For universal precautions practice, complete the needle-stick injury drill available in your clinical skills laboratory: perform the correct immediate wound management, complete the incident report form correctly, and walk through the PEP decision algorithm for a simulated HIV-positive source patient. In the labour room, practise the full PPE donning-and-doffing sequence at least twice under faculty observation before your first unsupervised delivery.

Self-Assessment

The four self-assessment questions below are designed to test integration across the professional skills domains covered in this module — communication using the SPIKES framework, ethical reasoning with the four-principle model, valid informed consent in special OG situations, and universal precautions including PEP management. Each scenario is drawn from situations that arise routinely in the OG ward, labour room, and operation theatre. Work through each question independently and formulate a structured response before discussing it with a resident or faculty member during your clinical posting. These scenarios are intentionally complex — they rarely have a single correct answer, and the reasoning process matters as much as the conclusion. Reflection on these scenarios should be recorded in your AETCOM portfolio as evidence of professional development. The domains tested here — confidentiality, emergency consent, sharps injury management, and consent under time pressure — are high-yield areas in OSCE and viva examinations at the final MBBS level.

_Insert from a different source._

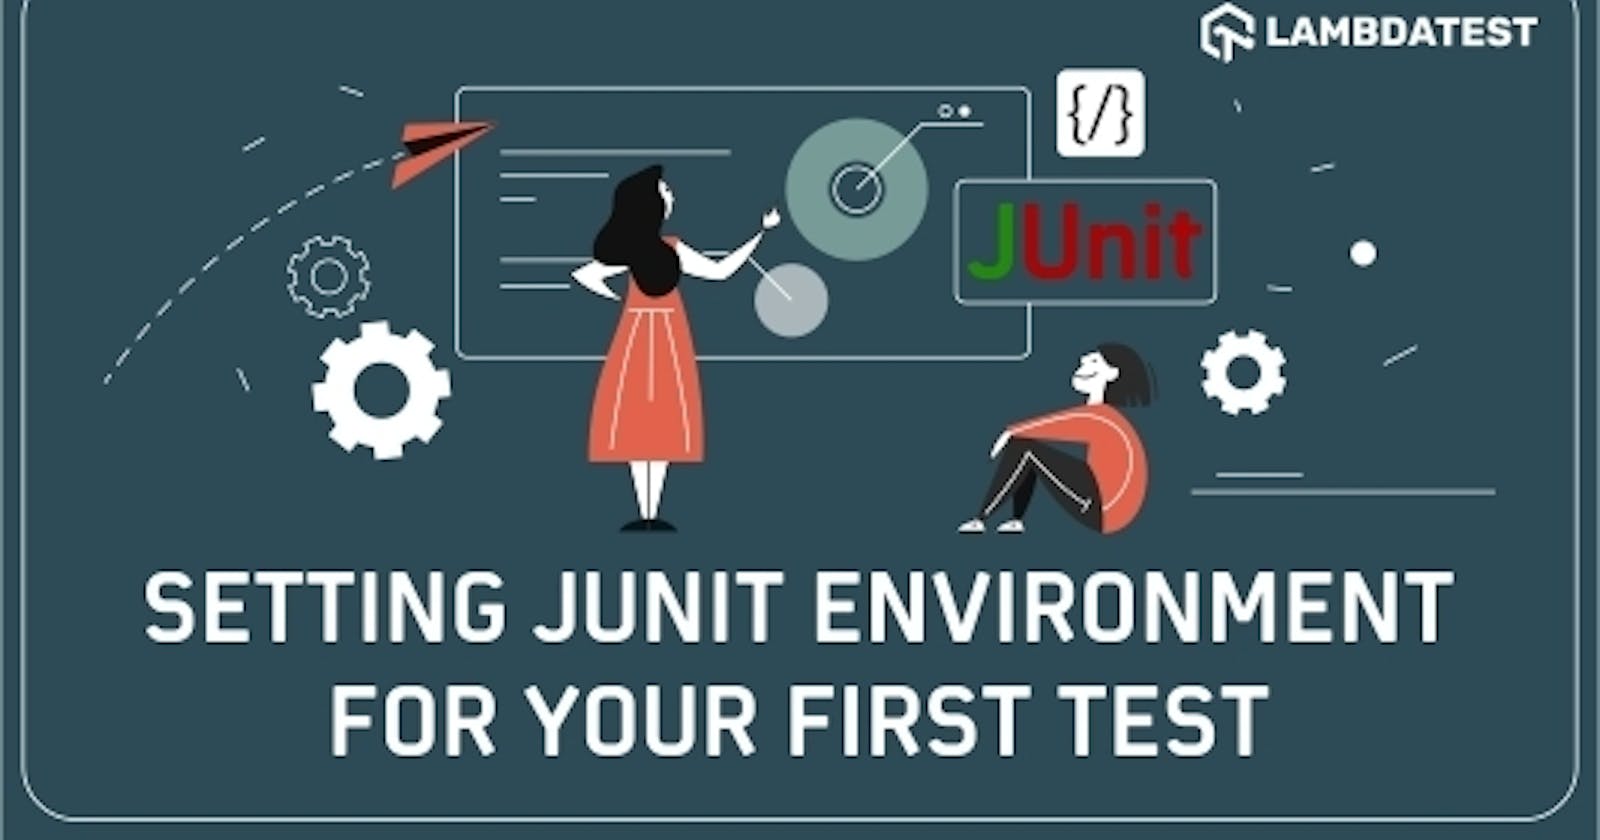 How To Setup JUnit Environment For Your First Test?

  1. A 19-year-old woman at 14 weeks gestation presents for a routine antenatal visit. Her husband accompanies her and insists on being present for the entire consultation. During a moment when the husband steps out, she tells you she has concerns about the pregnancy that she does not want her husband to know about. How do you structure the remainder of the consultation, and what documentation do you make?
  1. You are about to perform a per-vaginal examination on a patient who arrived unconscious from a road traffic accident. There are no relatives available. Using the five-step consent framework, describe what you can and cannot do, and what you must document.
  1. While assisting at a laparoscopic procedure, you receive a splash of blood to your unprotected eye. Walk through the correct immediate management and the criteria for initiating HIV PEP.
  1. A multipara at term in active labour with fetal bradycardia is being counselled for emergency LSCS. She is in pain, frightened, and her husband is insisting she sign quickly. As the clinician obtaining consent, what steps do you take to ensure the consent is legally valid despite the time pressure?